Carta Aberta a um Pacense:

Meu amigo (!!)
 Lá te vi, naquele Domingo, no campo do Carvalhal! Grande dia hein?!... Lá estavas tu, no topo Sul, nervoso, roendo as unhas, com a alma em sobressalto, uma grande esperança no peito e uma não menor bandeira na mão. Sofrias - eu vi que sofrias!... Mas consola-te, porque eu também sofri… Só que, a mim, não me animava a esperança que te alumiava…, mas uma fé - uma fé chamada certeza - de que ainda não era desta que matavas o “carneiro”… E não foi!... Eu compreendo o teu desespero: vejo-te a deitar contas à vida e a ver o que hás-de hipotecar para contratares o Cruyjff e o Cubillas que acabem de vez com isto: sim, porque aquele Jesus e os seus apóstolos, ainda não é o almejado Messias que te há-de redimir de raiva de nunca teres ganho a meio dúzia de valentes moços, para quem o futebol não é coisa que lhes meta o pão na boca… Oh, se eles não tivessem de se levantar todos os dias às 7 e de dar ali no duro, para poderem sustentar a família…! Oh, se eles se limitassem a dar pontapés na bola…, bem treinados, bem comidos e… bem pagos…! Já te passou pela cabeça o que seria? Onde terias tu de ir recrutar jogadores para os venceres? Onde???!!... Diz-mo, pacense amigo, diz-me tu, que sabes discorrer, tu, que tens jardins floridos e relvados, tu, que tens monumentos e estátuas, tu, que tens Câmara Municipal e tudo… Diz-mo tu, que tens “snack-bares”, cafés sumptuosos para sumptuosas trocas de impressões, tu, que tens Palácio de Justiça!... Diz-mo! Ensina-me! Elucida-me, já que eu - pobre freamundense… - não tenho jardins, nem monumentos, nem estátuas, nem “snacks”, nem salões de chá, nem palácios de justiça e quase chego a duvidar que a Câmara também me pertença… Tu tens o dever de mo saberes dizer: quem tem Palácios de Justiça, tem obrigação de possuir um discorrer palaciano, pelo menos, de possuir fachada capaz de assombrar os outros, de os diminuir pela impotência, de os constranger ela majestade.

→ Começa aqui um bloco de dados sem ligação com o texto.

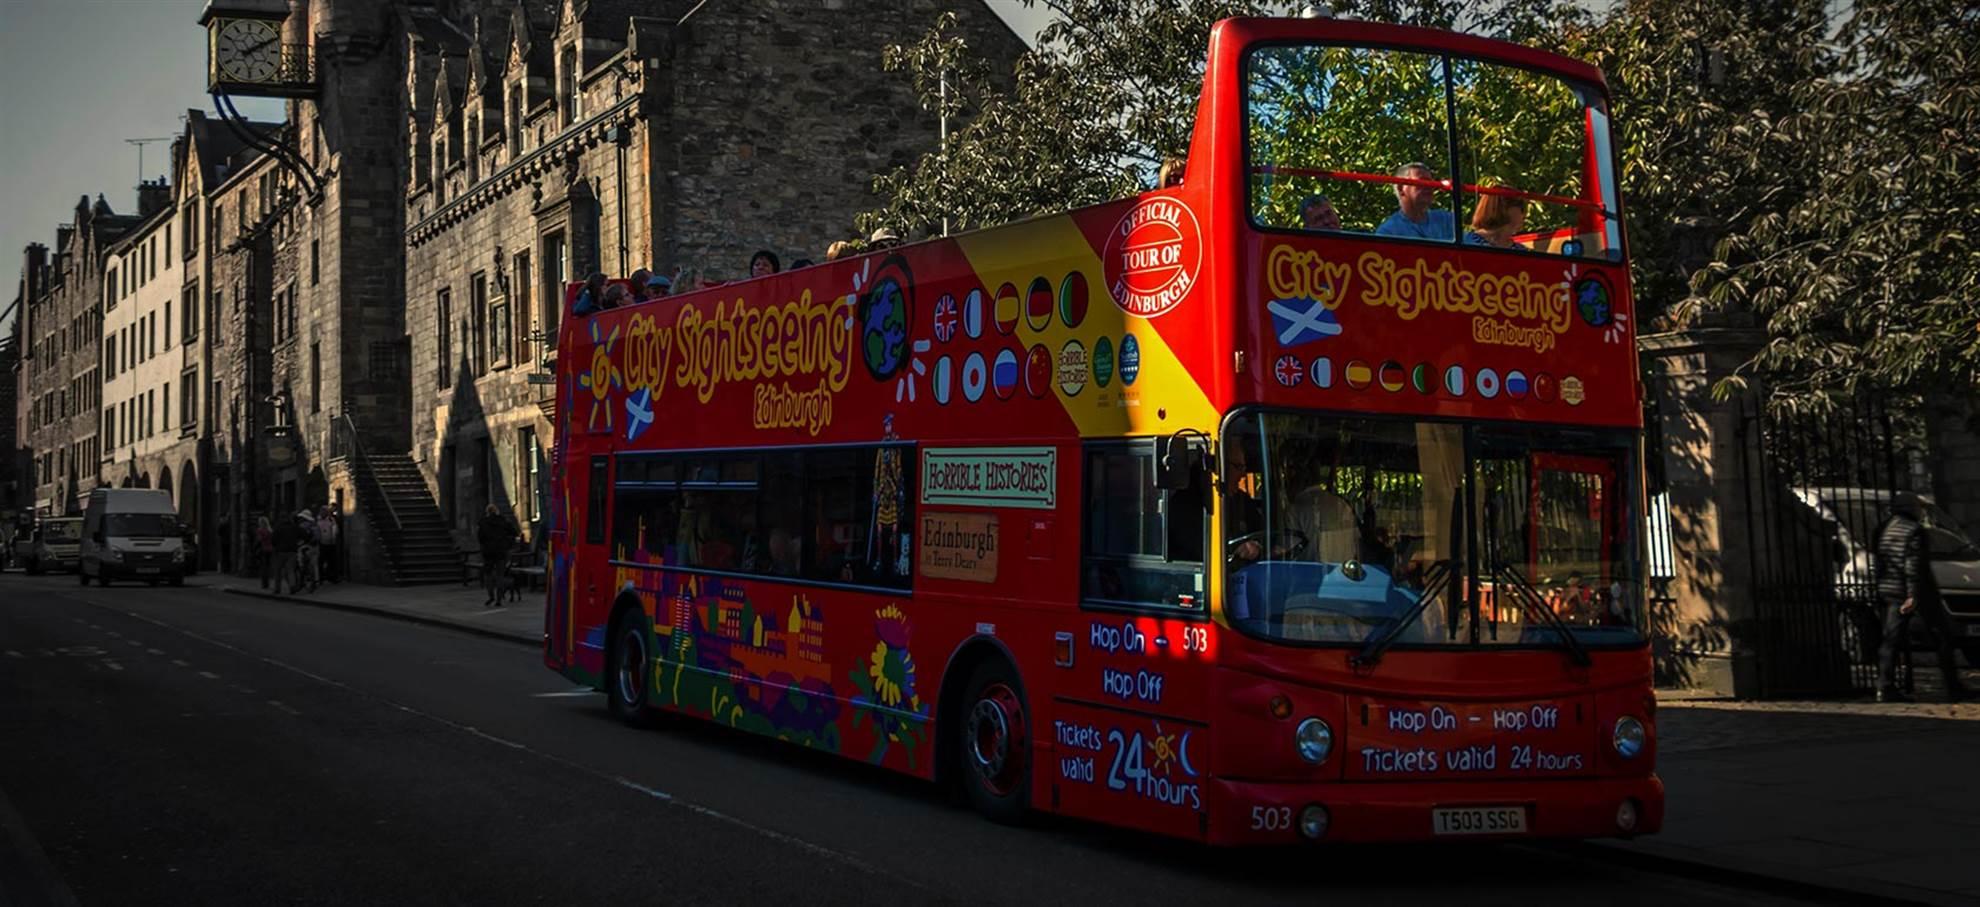 Edinburgh Hop on Hop off Bus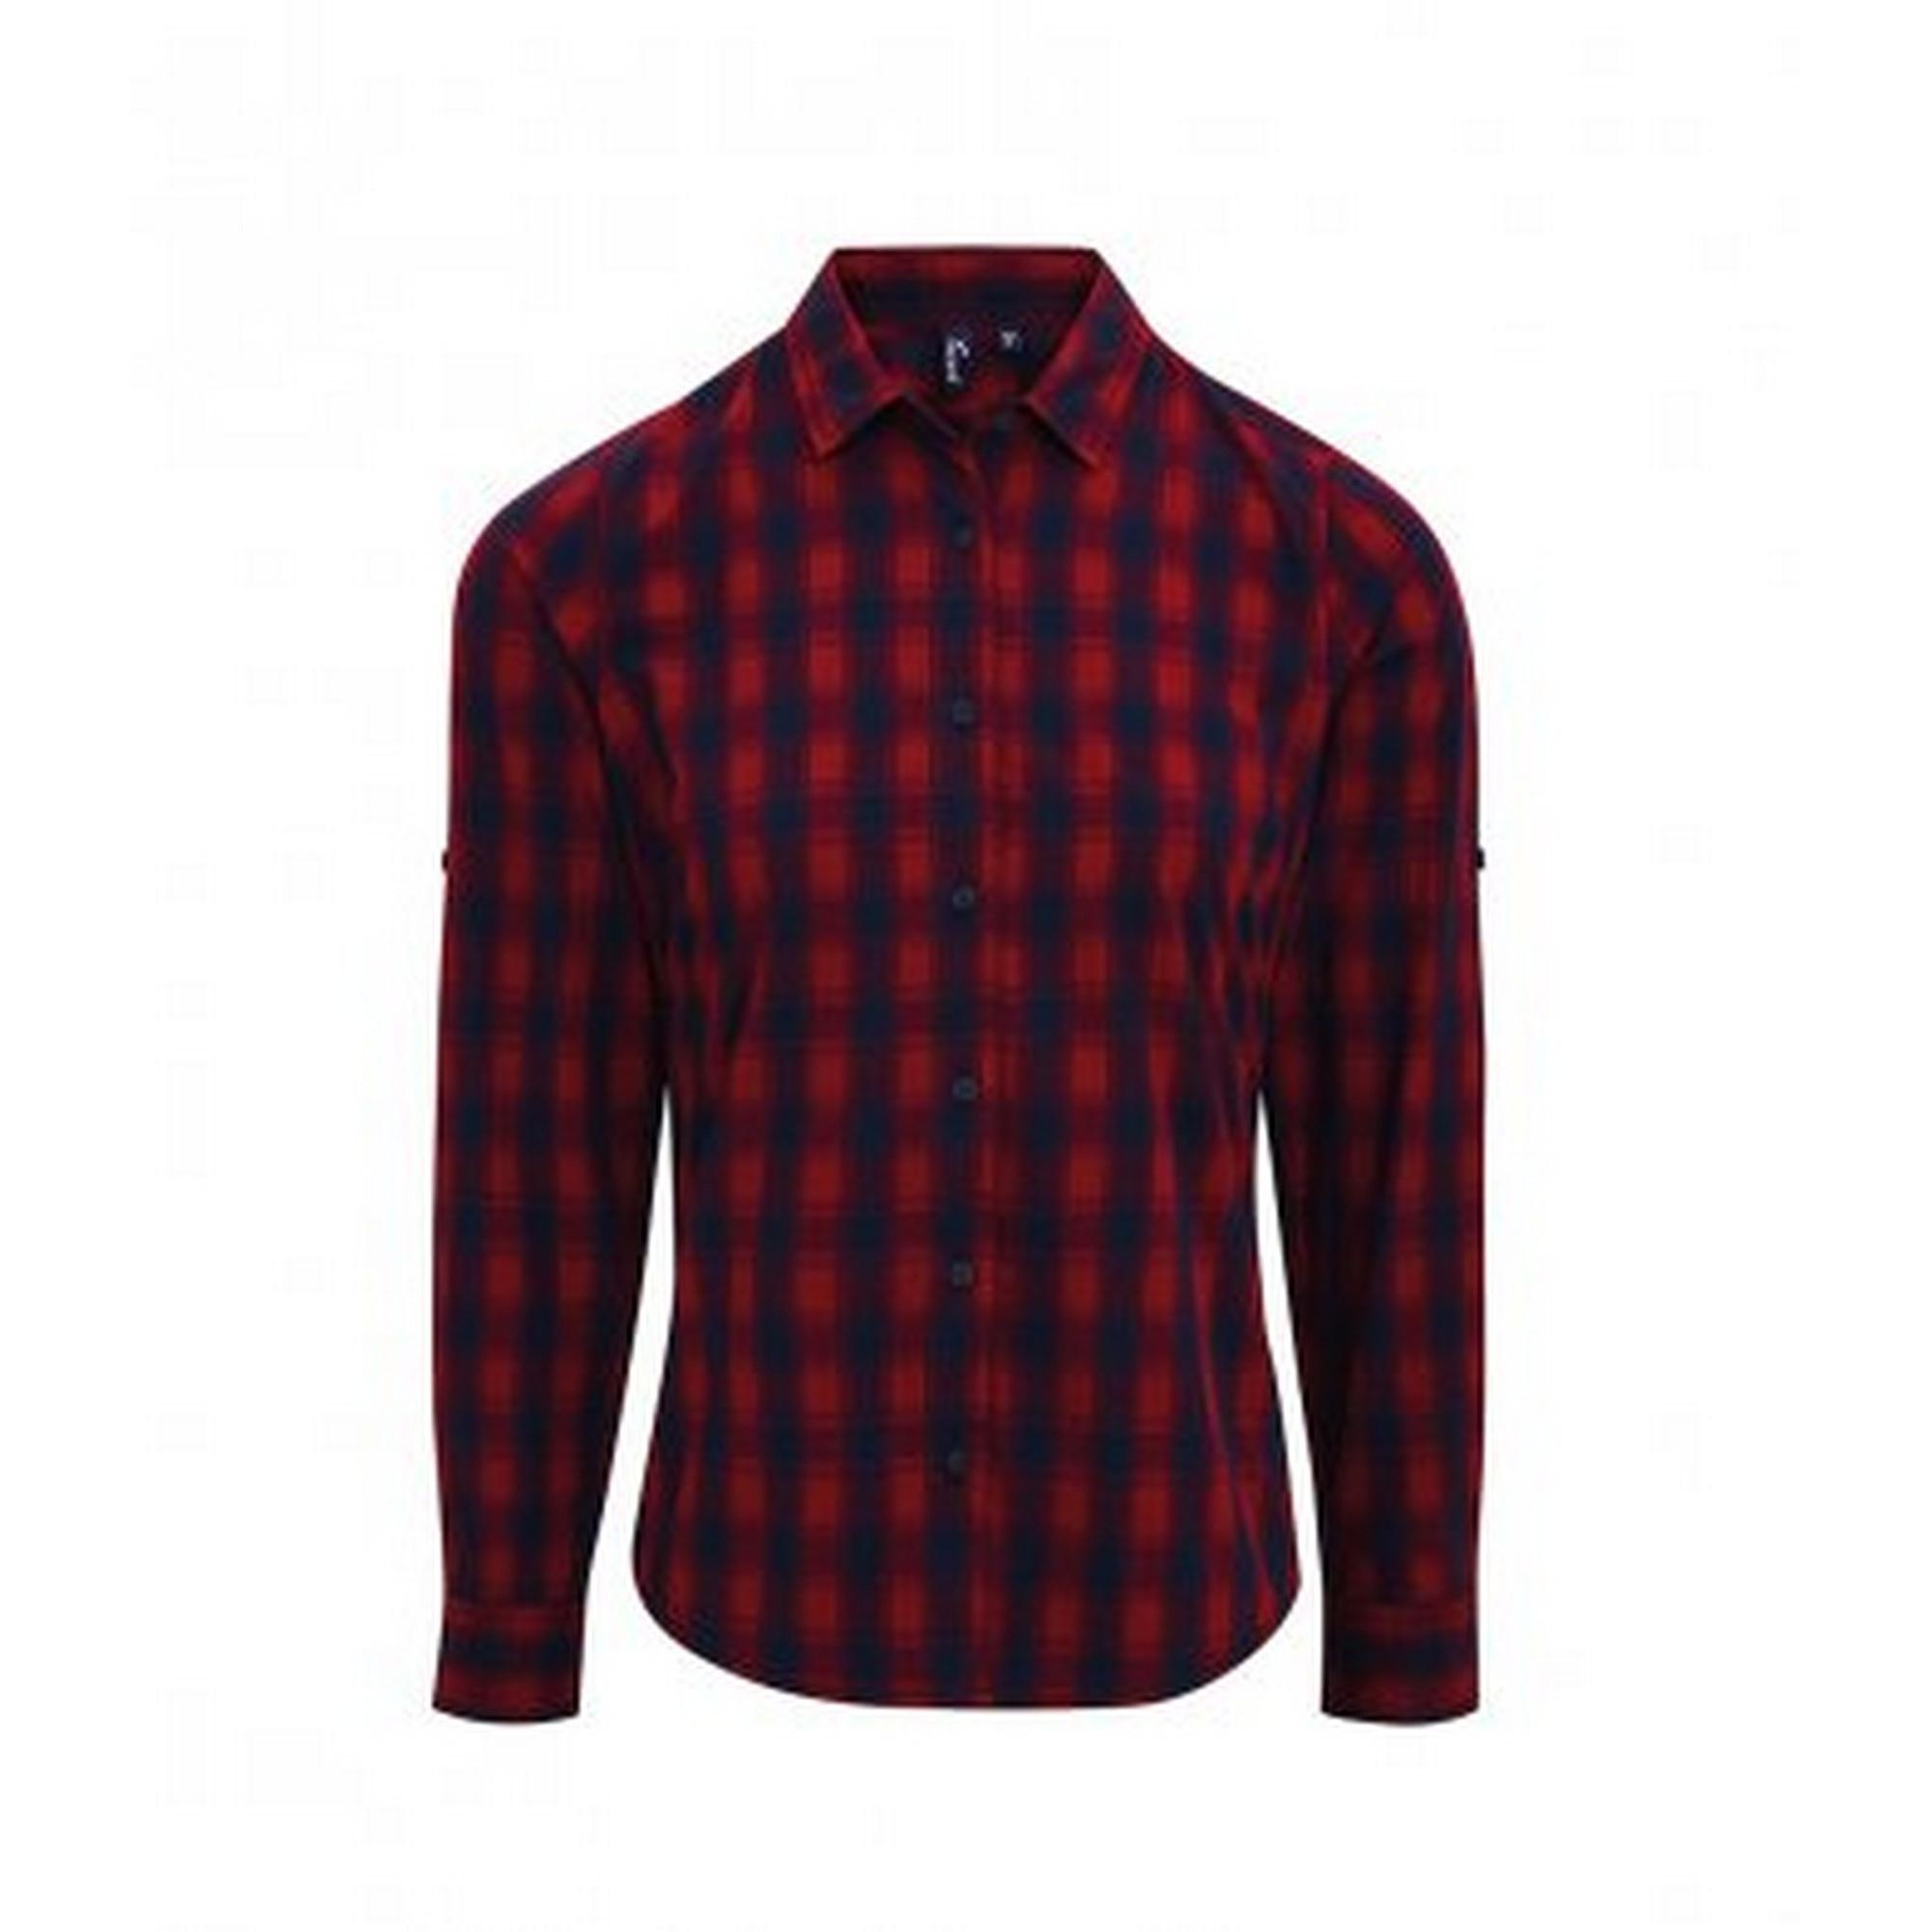 Premier-Camisa-a-cuadros-con-manga-larga-modelo-Mulligan-para-mujer-PC3104

 Mas se não queres, se esse segredo for o teu grande trunfo, não mo digas… Não quero saber! Prefiro continuar na ignorância a ter de morder todo de inveja, por não possuir a tua astúcia, o teu perseverante querer, o teu poder financeiro, a tua teimosia, a tua arguta percepção destas coisas… Não mo digas, senão obrigas-me a ter de andar de porta em porta, suplicante e rasteiro, a implorar aos patrões dos meus rapazes que deixem ir aos treinos… Obrigas-me a ter de ir pedir ao banco a libertação do Ernesto às 4 horas… Tu sabes lá o que me custa ir pedir ao banco ao banco seja o que for: seja o Ernesto, seja um desconto, seja uma melhoria física, seja uma reforma a 90 dias… Lembra-te dos pobres dos accionistas, coitados, não queiras sentir na consciência o remorso de seres o causador da baixa das cotações… Não me obrigues a ter de prometer à rapaziada uma fatia de queijo suplementar por cada nova vitória, na sanduiche de marmelada que estão a auferir por domingo… Não mo digas, pois, pacense amigo! Não me faças quebrar o voto que fiz de só jogar com gente cá de casa… Não me obrigues a ter de ir a Lousada ou Vizela procurar reforços que te detenham… Não me obrigues a gastar gasolina, que está pela hora da morte… Sê patriota! Colabora com o Governo nos seus insistentes pedidos: poupa gasolina! Não mo digas; e se eu, depois, perder contigo…, paciência. Alguma teria de ser e uma vez não são vezes…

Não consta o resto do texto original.